Ritratto intimista di Daniele Dominici, professore di letteratura, angelo caduto e insabbiato da un passato misterioso e senza radici che giunge in una Rimini invernale aggredita dai venti, ed è in sintesi, la storia del suo naufragio esistenziale. Manco a dirlo il film si apre infatti con la scena di un naufragio di una barca a vela nel quale uno skipper inglese si rivolge a lui che passeggiava solitario sul molo tra i flutti e i venti furiosi, chiedendogli in che località fosse approdato. Daniele gli risponde in perfetto inglese, ciò che caratterizza già lo “straniero” girovago e déraciné che c’è in lui.

Al liceo durante le ore di lezioni di Lettere, è intrigato da Vanina sua allieva dal nome stendhaliano (interpretato dall’attrice-danzatrice classica Sonia Petrova) ragazza bella e dissoluta che sua madre fece prostituire fin da ragazzina (fa la mantenuta di un ricco arrogante play boy di Rimini che scorrazza in Miura). La ragazza, pervasa di un’insondabile enigmatica malinconia, lo attrae e a poco a poco se ne innamora, ricambiato. Il nuovo amore rappresenta per lui, l’occasione di una rinascita rispetto a un legame ventennale con Monica (Lea Massari), giunto ormai al capolinea.

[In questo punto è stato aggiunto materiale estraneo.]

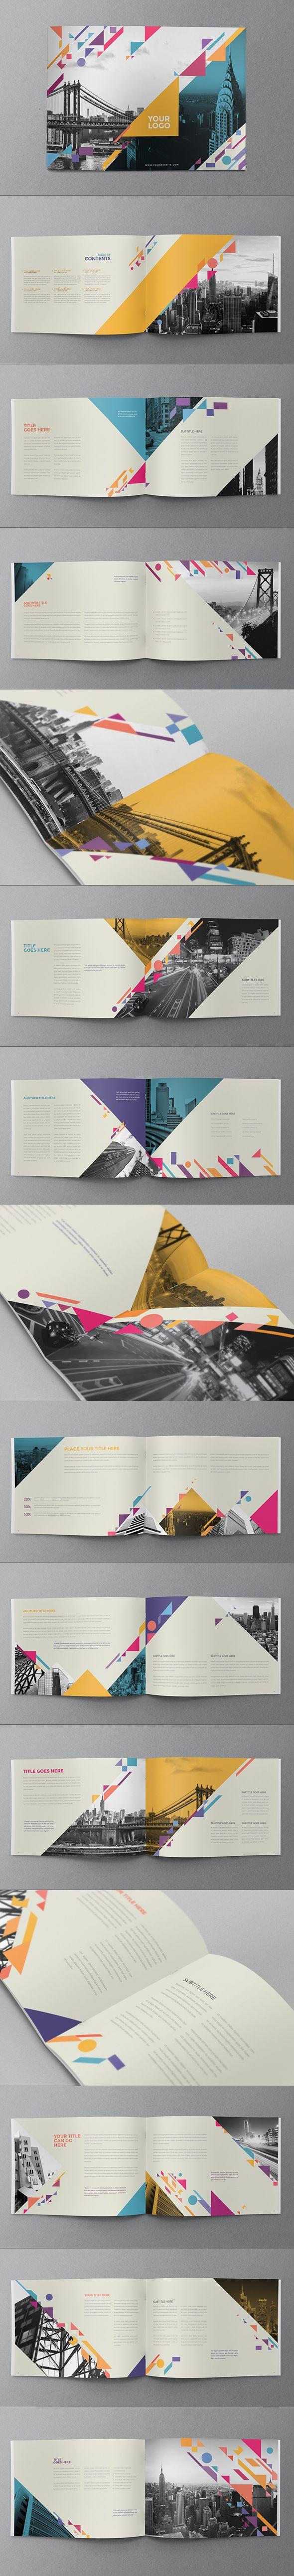 Colorful Shapes Brochure. Download here: http://graphicriver.net/item/colorful-shapes-brochure/9927862?ref=abradesign #design #brochure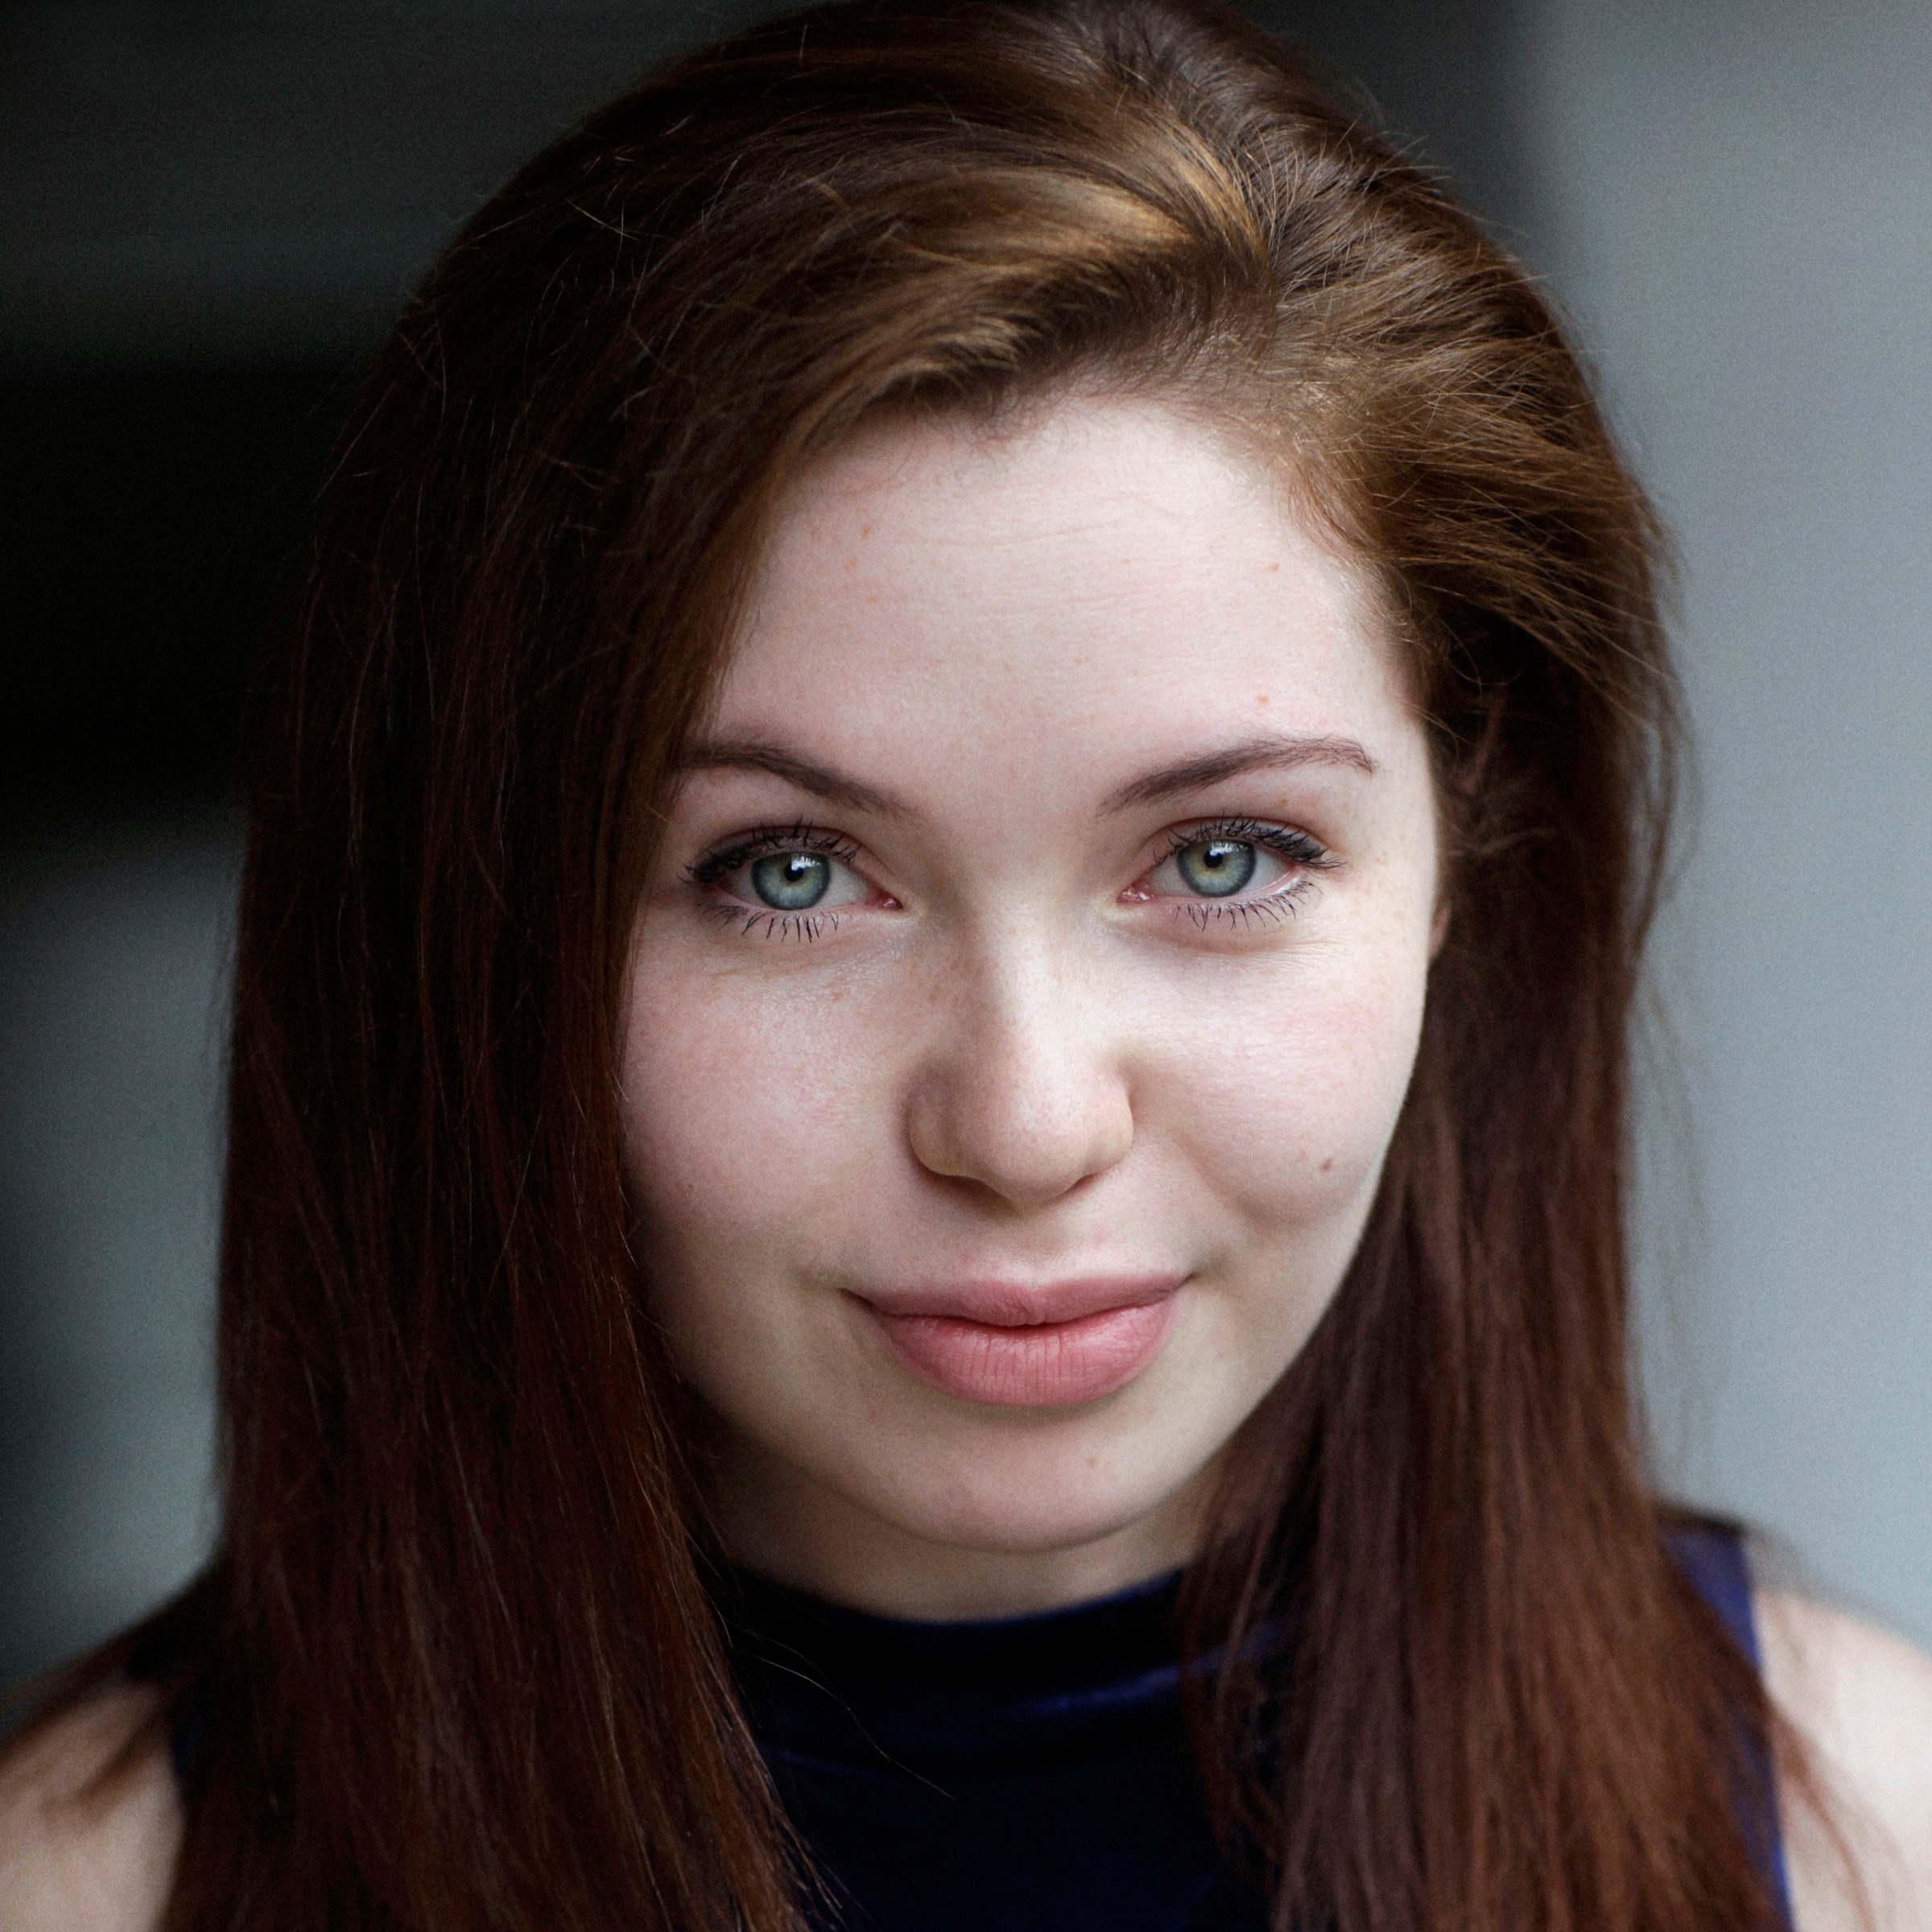 Emily Costello

C’è dunque un eroe “maledetto”, c’è un ostile ambiente di provincia (una suggestiva Rimini invernale, livida, cupa che è un luogo ma anche uno stato d’animo e una condizione, che forse conta più della storia in sé, come ebbe a dire lo stesso Zurlini. C’è un’atmosfera sospesa, rarefatta e melanconica; ci sono i personaggi di contorno tra cui spicca un ottimo Giancarlo Giannini nel ruolo di Giorgio Mosca detto Spider, folletto bizzarro a sua volta attratto dal fascino ombroso di Daniele del quale vorrebbe investigare il passato); c’è una sapiente scrittura nella descrizione dell’ignobile verminaio della combriccola provinciale dedita a partite di poker e bevute, cui si contrappongono le sortite verso i cieli di uno spiritualismo cristiano (la scena a Monterchi dove Daniele e Vanina stanno davanti all’affresco della Madonna del Parto di Piero Della Francesca). Daniele vorrebbe redimere Vanina, redimendo se stesso; salvarla salvandosi.

L’epilogo del film è drammatico e svela il mistero sulle origini aristocratiche del personaggio eternamente in fuga, figlio di un eroe di El Alamein. La prima notte di quiete è ispirato a una frase di Goethe per indicare “perché finalmente si dorme senza sogni” e la vita con i suoi affanni quotidiani non può più farci soffrire.

Impossibile non mettere il film in relazione ai “I vitelloni” di Fellini, trent’anni dopo, quando l’innocenza è ormai perduta e i nuovi vitelloni di Rimini ivi descritti non fanno più ridere ma sono incanagliti da una vita senza senso. Alain Delon dal fascino umbratile e tenebroso non è mai stato così bravo e bello. Una curiosità: la lavorazione del film fu molto difficile perché tra il regista e il protagonista non ci fu molta sintonia. Pare che Zurlini gli avesse detto molto ruvidamente: “Spero che la tua sia stata una buona interpretazione”. Al che, piccato, Delon replicò: “Spero che tu abbia fatto un buon film”.

Nonostante ciò, l’attore francese amò molto il personaggio interpretato e indossò per tutta la durata del film, il cappotto di cammello e il maglione verde che erano abiti personali di Zurlini.